Watch CBS News

Goodling Says No Again To Request For Testimony

Attorneys for Monica Goodling, a Justice Department official caught up the U.S. Attorney firing scandal, again asked the House Judiciary Committee today not to call their client before the panel to discuss the matter.

John Dowd, Goodling's lawyer, told Reps. John Conyers (D-Mich.) and Linda Sanchez (D-Calif.), who are leading the investigation for the committee, in a letter today that Goodling will not agree to testify or be interviewed by committee staff, either in private or public. Goodling, an advisor to Attorney General Alberto Gonzales, will instead invoke her Firth Amendment right not to answer questions.

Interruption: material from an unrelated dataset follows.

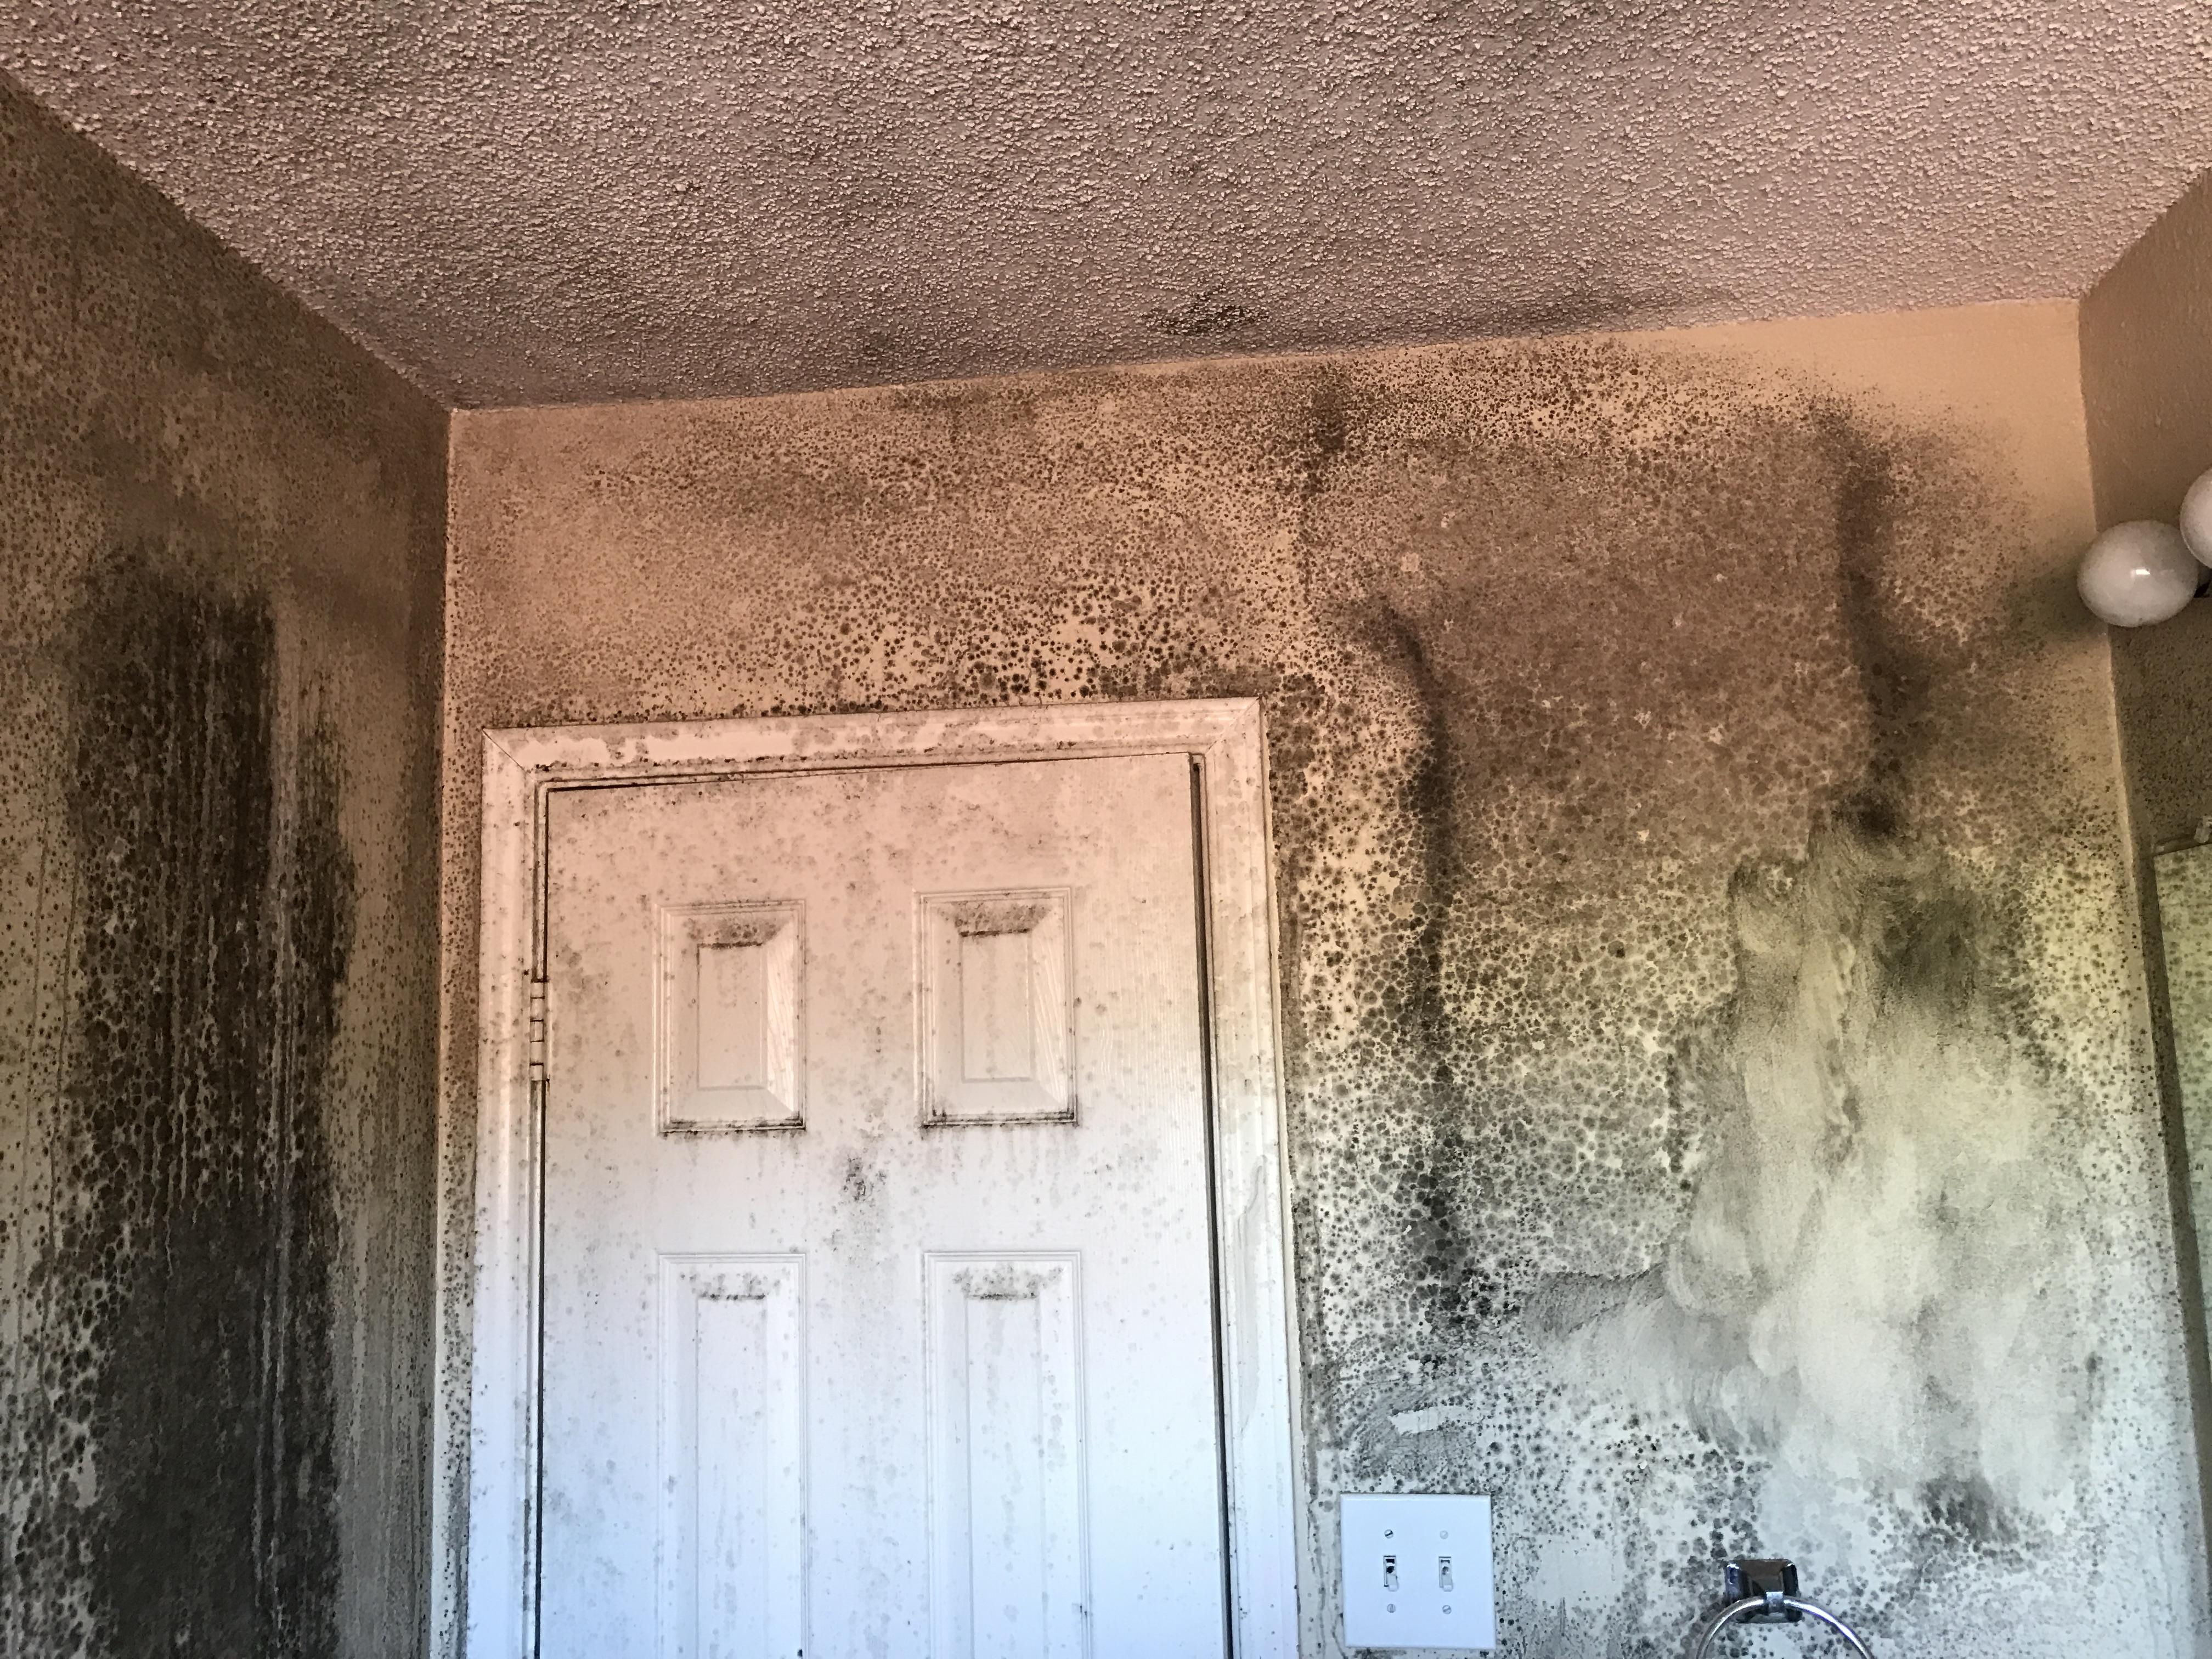 Texas Mold Testing

Goodling is asserting her consitutional privilege not to answer questions from the House or Senate Judiciary committees "after learning that Deputy Attorney General Paul McNulty had privately told Senatpr Schumer that Mr. McNulty had not been entirely candid in his testimony before the Senate Judiciary Committee and had blamed Ms. Goodling and others for failing to inform him of pertinent facts prior to his testimony." Goodling, through Dowd, has denied the claim by McNulty.

Senate Judiciary Committee Chairman Patrick Leahy (D-Vt.) has written to Gonzales to ask whether Goodling, who has taken personal leave from Justice, is still on the department payroll.